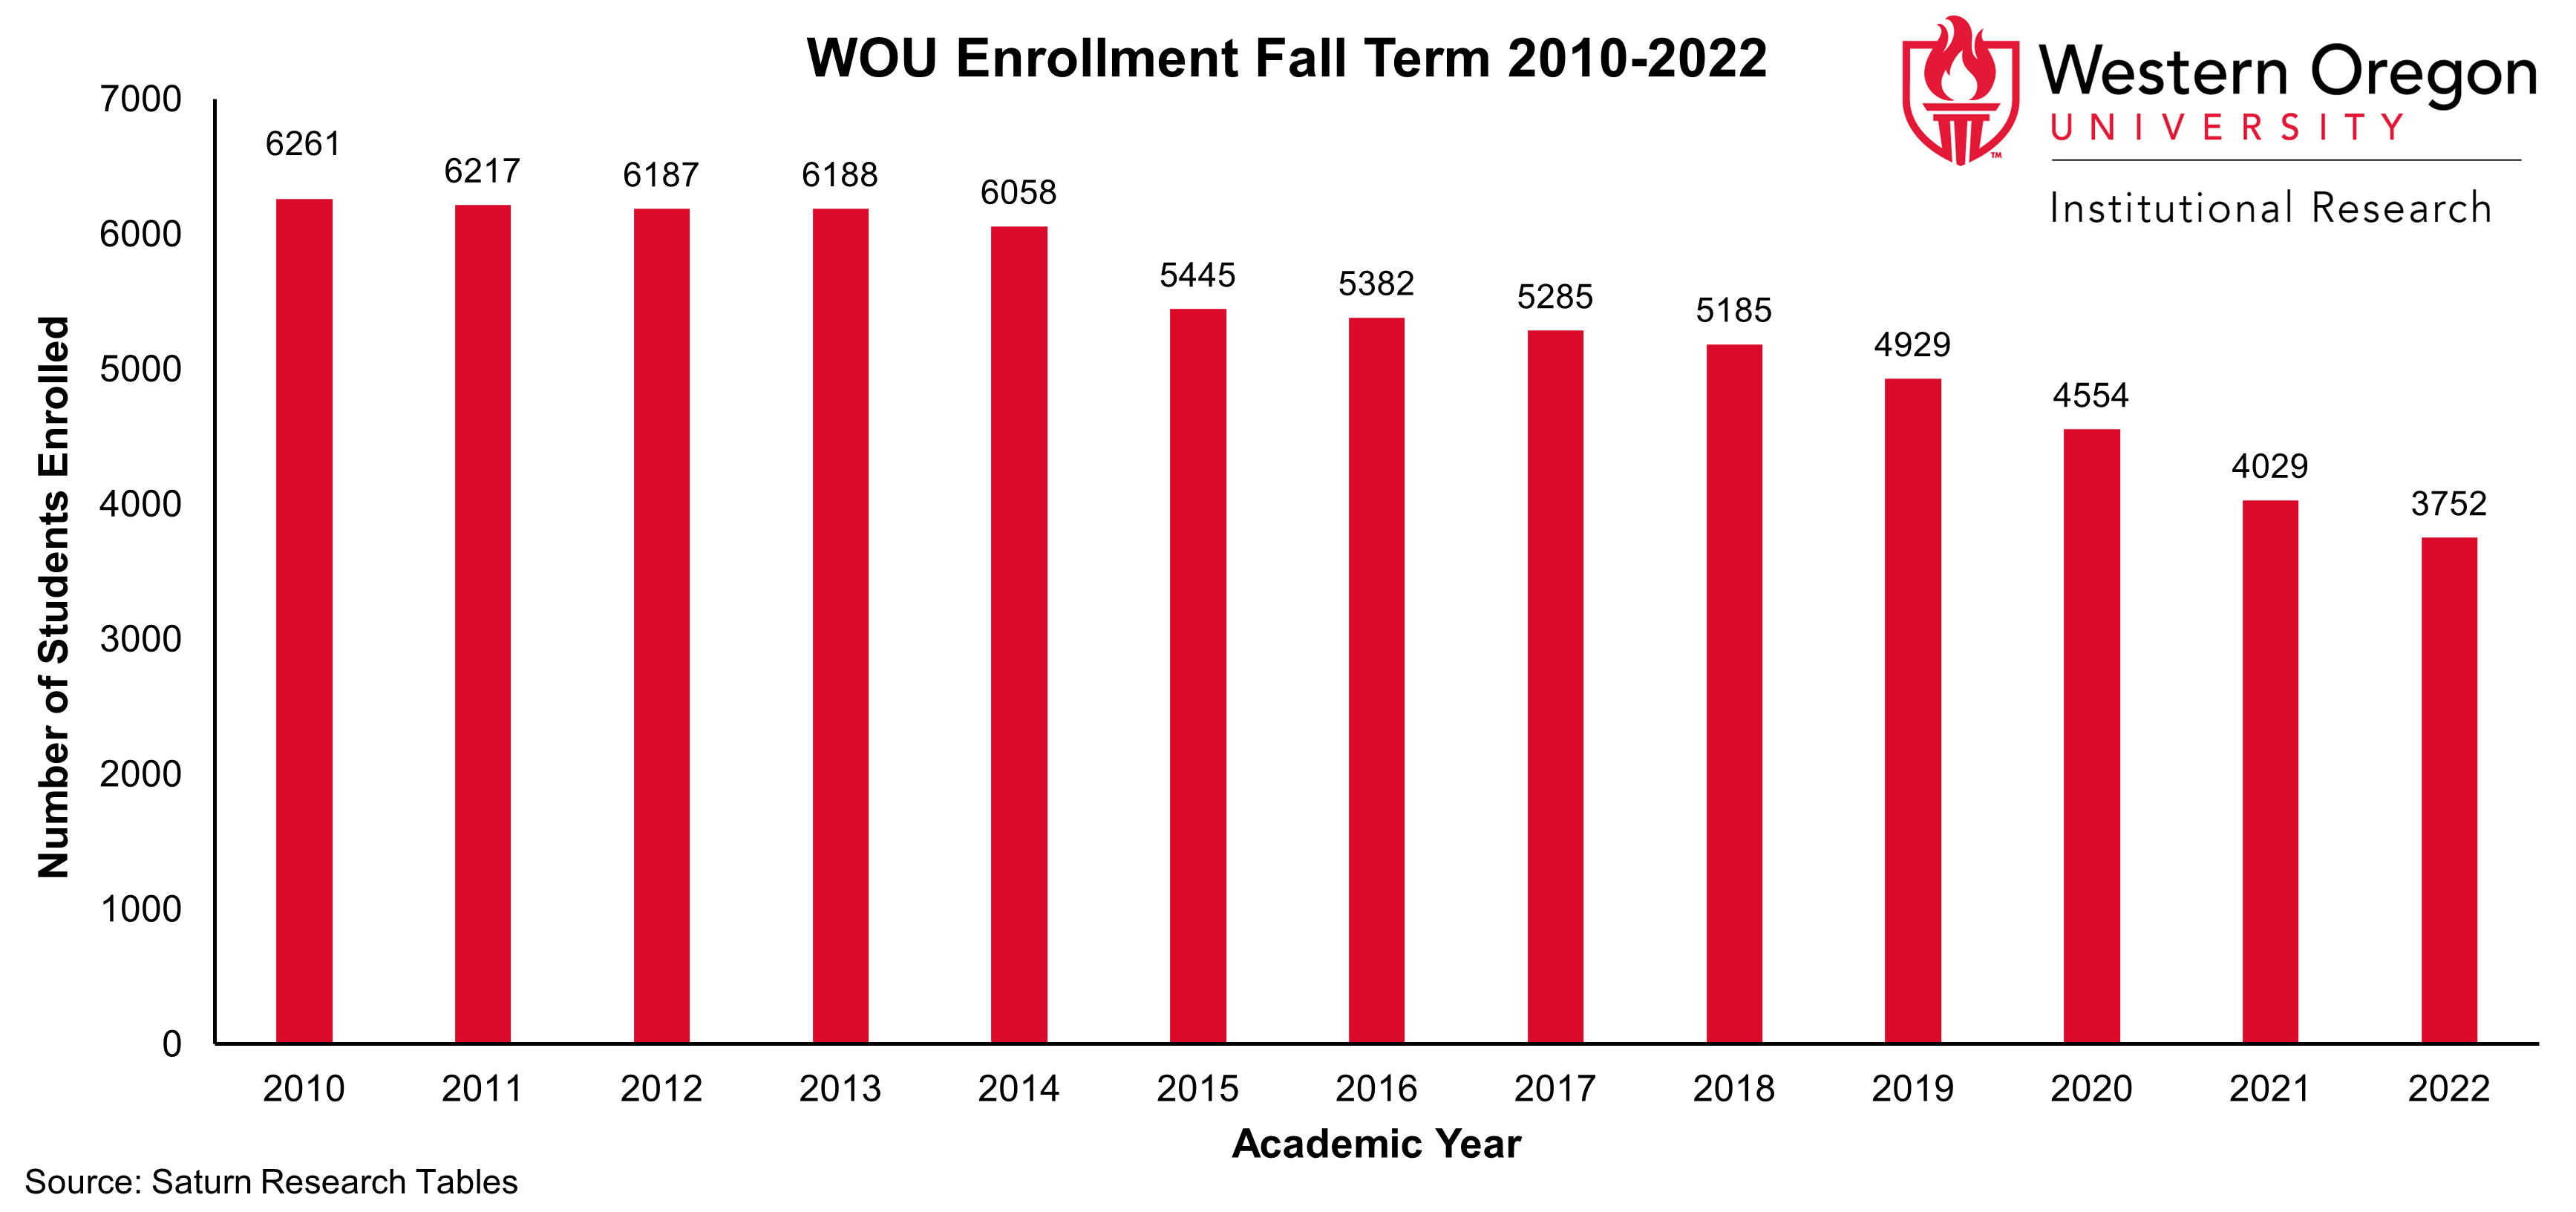 Bar graph of Fall enrollment counts since Fall 2010 for WOU students, showing that enrollment has been steadily declining since Fall 2010
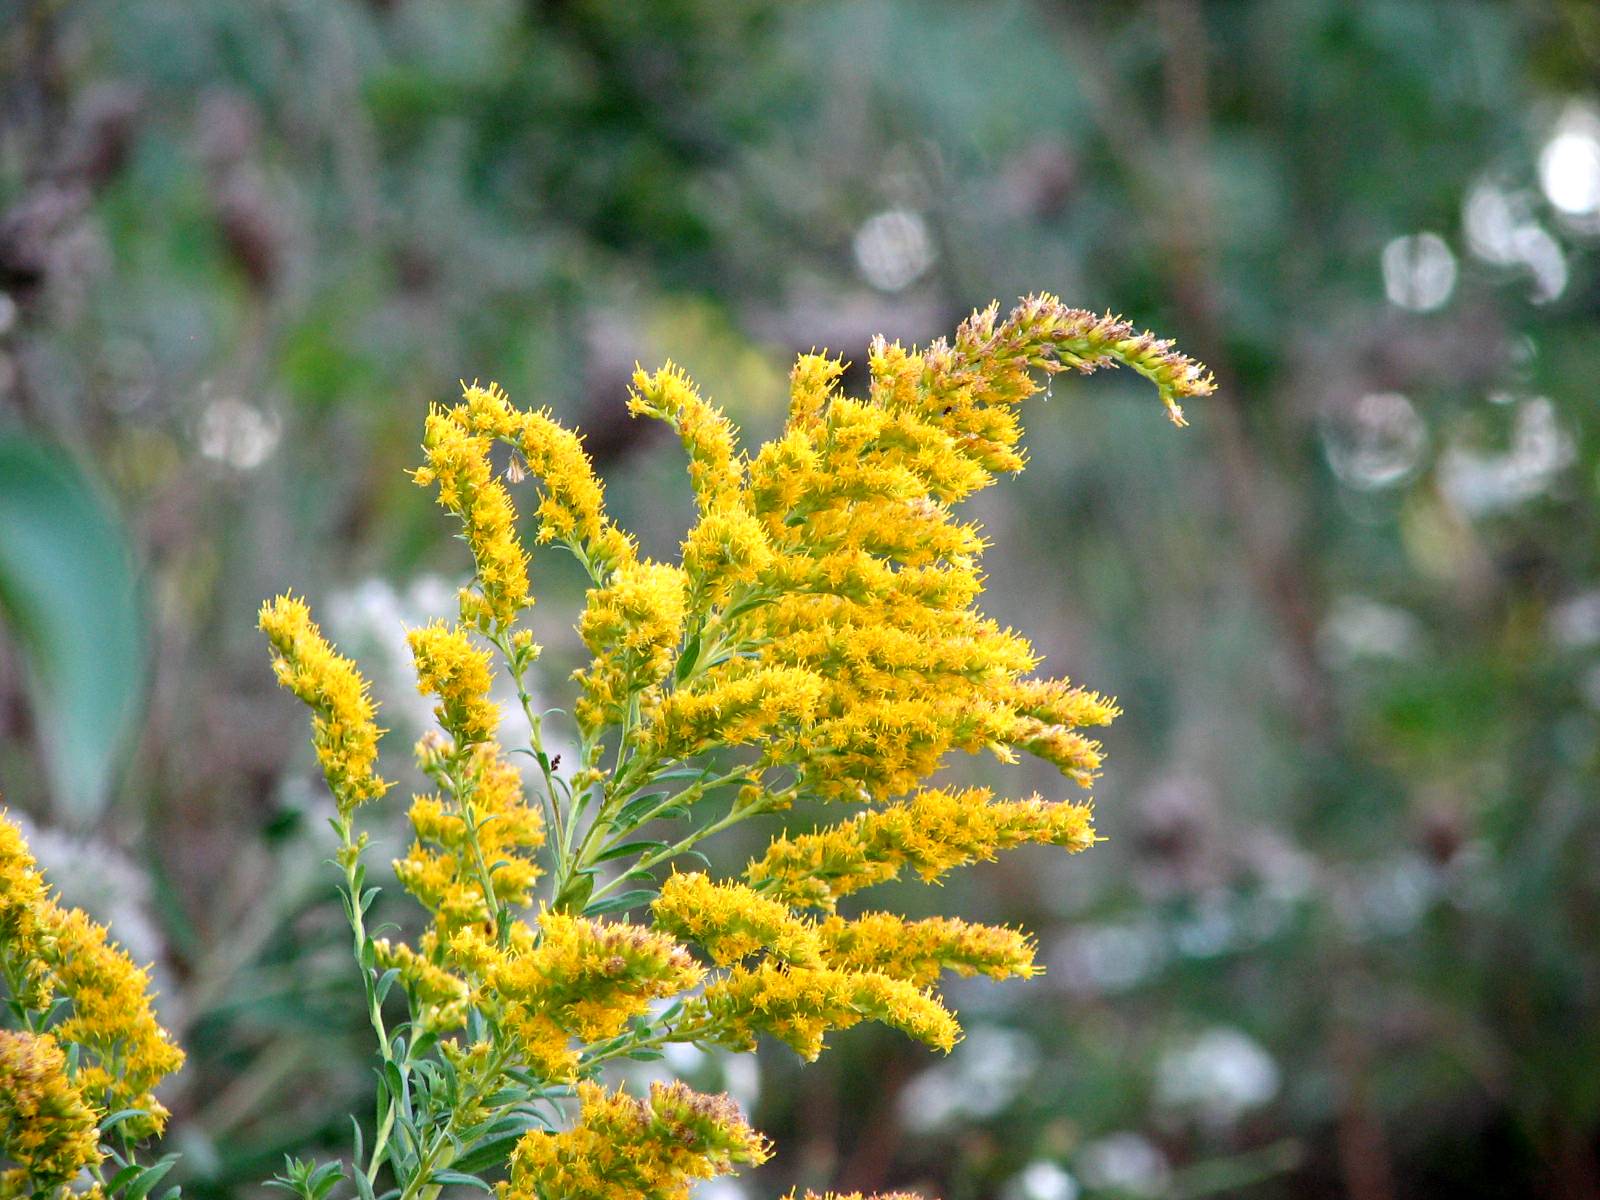 yellow flowers and leaves of a shrub in the foreground
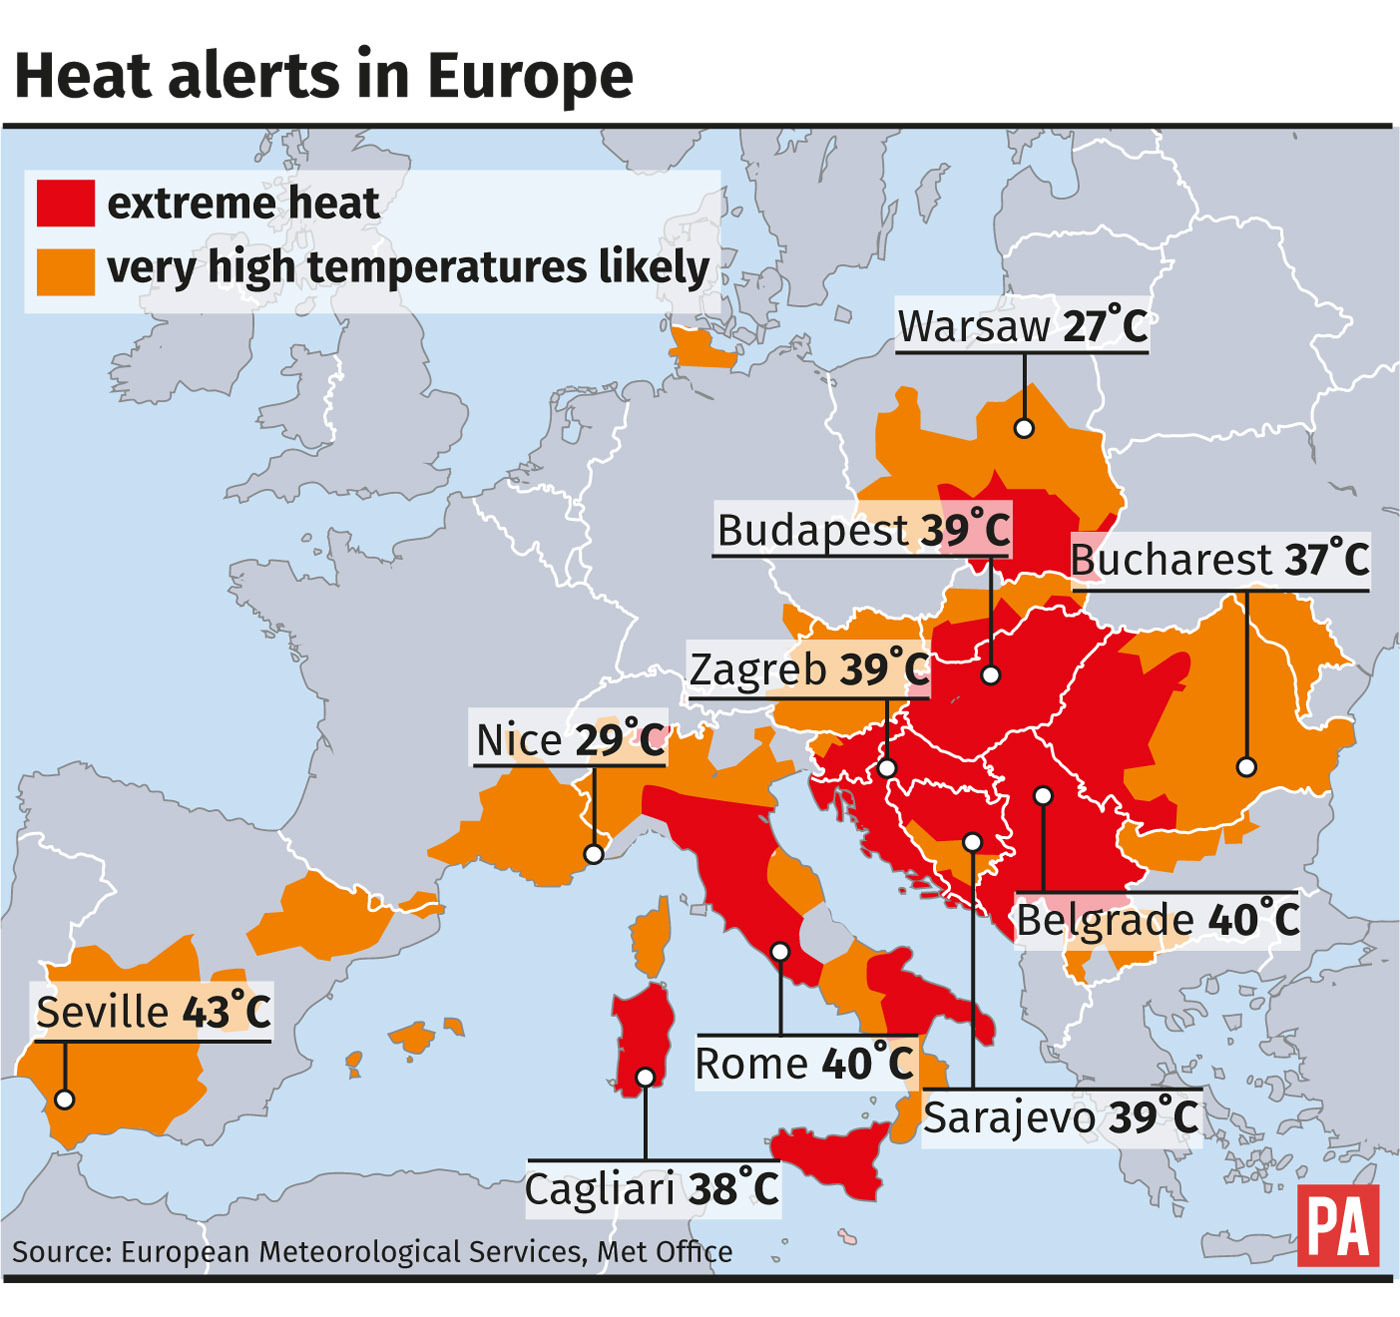 Heatwaves and weather events ‘could kill over 100,000 a year in Europe by 2100’ BT

+ + + + +

- **WHAT YOU ARE ASKED TO DO**
Leave the images out as you retype each line of the material exactly.

- **WRITTEN ANSWER**
 Bar graph of Fall enrollment counts since Fall 2010 for WOU students, showing that enrollment has been steadily declining since Fall 2010
 yellow flowers and leaves of a shrub in the foreground
 Heatwaves and weather events ‘could kill over 100,000 a year in Europe by 2100’ BT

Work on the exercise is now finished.